So,
lately I've been getting a bit too big for my britches; figuratively;
(we're no even going to touch my weight issue). I've been letting
pride run my life instead of the fear of the Lord. I've been more
concerned with “being right” and “always having the last word”,
than I have been concerned about trying to do what's right in the
eyes of the Lord.
We
all struggle with pride and wanting to control everything and
everyone around us. While this is our human nature (part of the
results of the fall). But as a wife, I am called to a life of
submission. I'm not saying anyone should be a doormat, but you have
to pick your battles. I've got to decide if me being right is worth
hurting the feelings of my husband and children and upsetting the
balance of our home. I have done this for way too long. I want a
peaceful home. I know the personalities of my family and I need to
pray for the wisdom of how to relate to them, rather than howto
attack them and make their lives miserable. I have to remember that
they we designed by God and in His image.
I
have to trust God to be my defender and will take care of me when I
feel mistreated.
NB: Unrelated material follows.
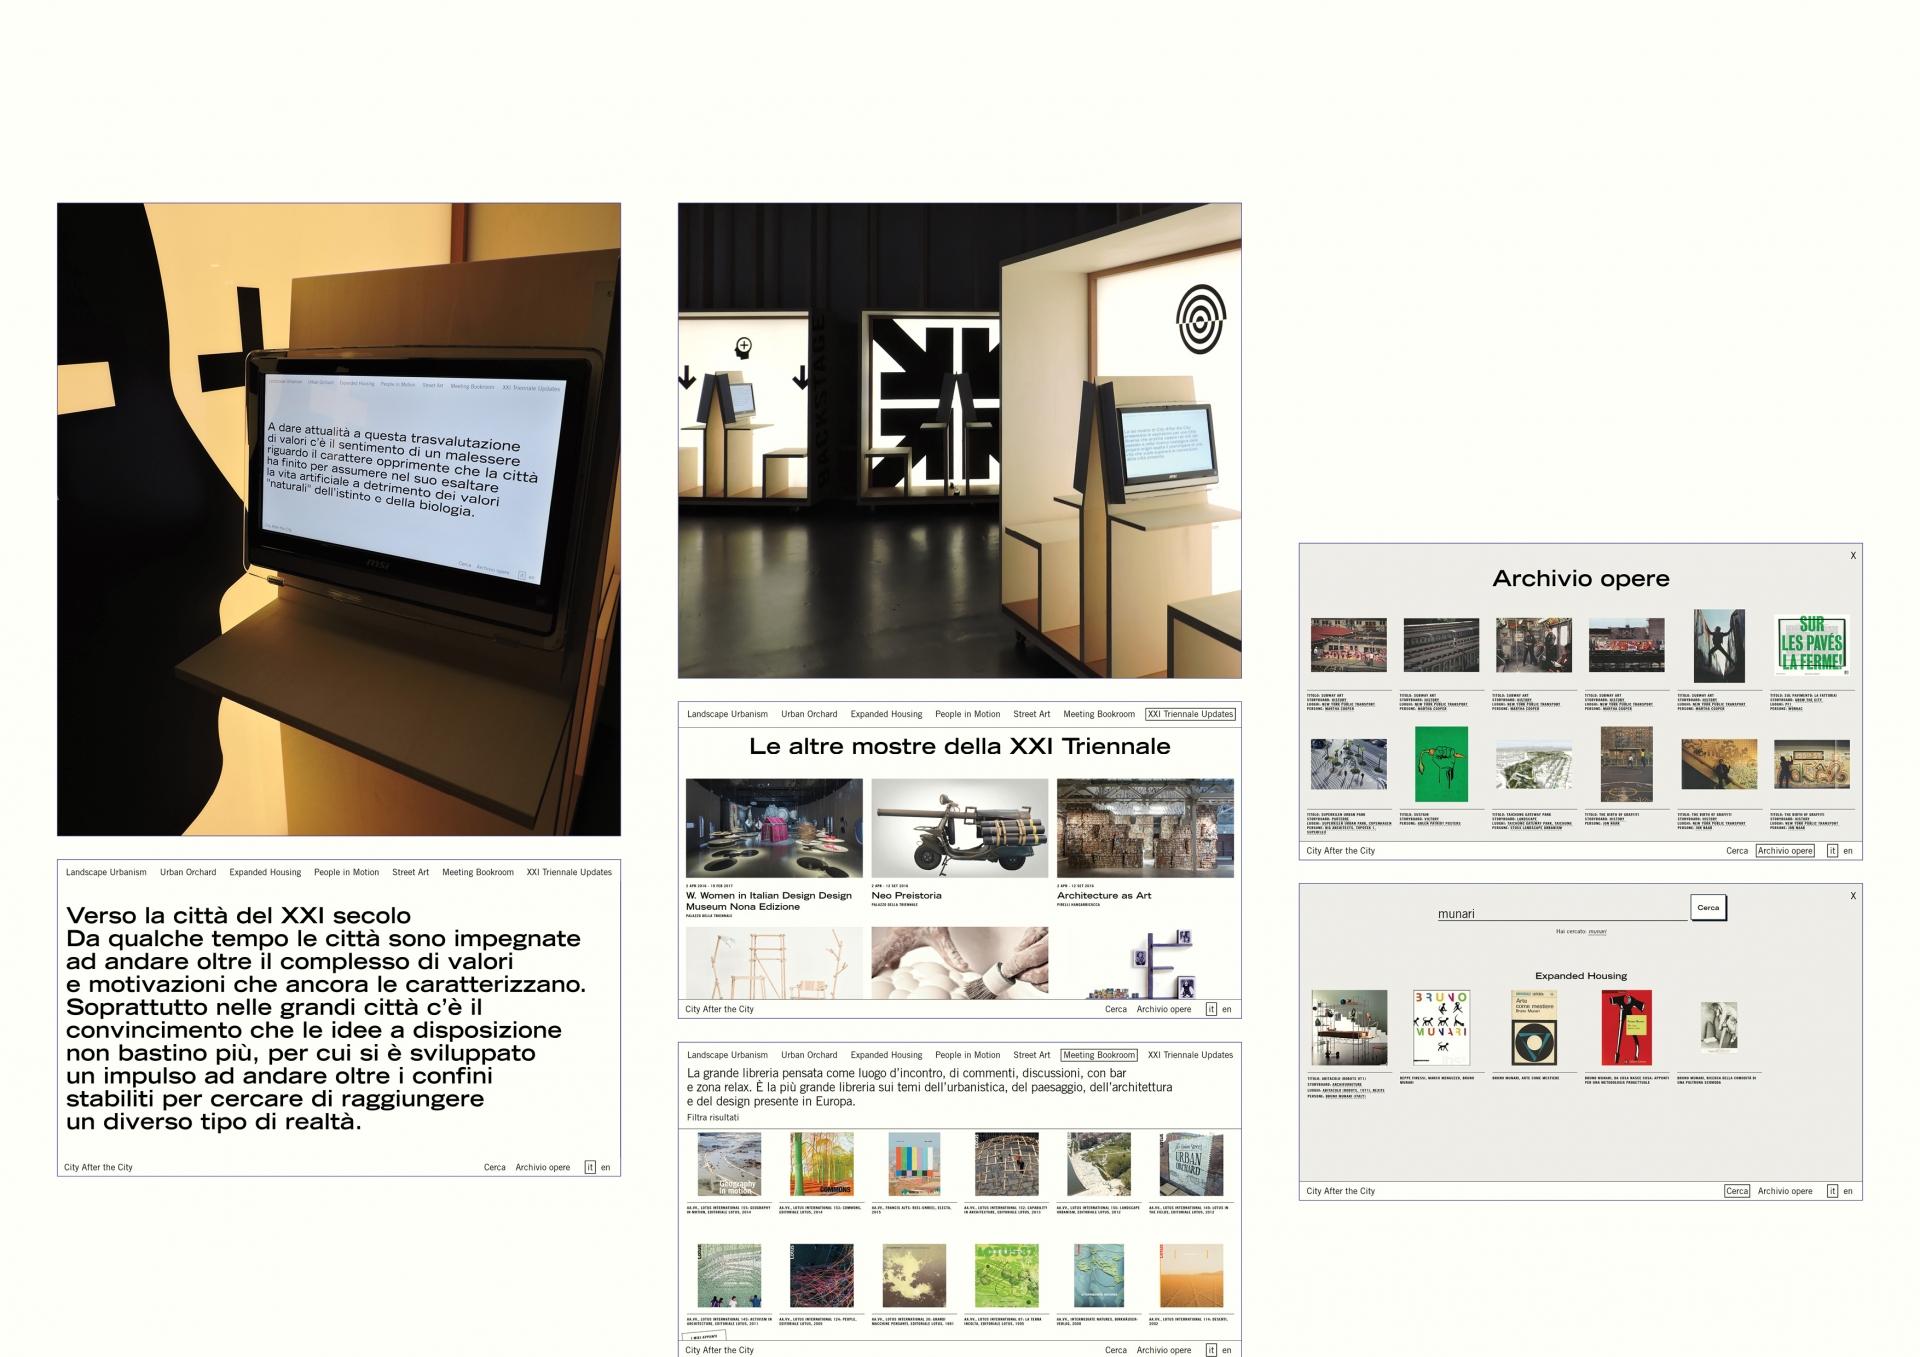 A.C.Busseni digital

Usually, when I stop and really think about the
situation, most likely after I've reacted horribly, I realized that
my perception of what had gone on was obscured and that I've reacted
with my emotions and not with a clear understanding of what had just
occurred.
People
say, be careful what your pray for and what you ask God to reveal to
you; because He will and it will cut you to the core; but I am asking
God to keep revealing to me ways that I incorrectly respond to
situations because I don't want to live my life with regret; or being
responsible for killing the peace in my house.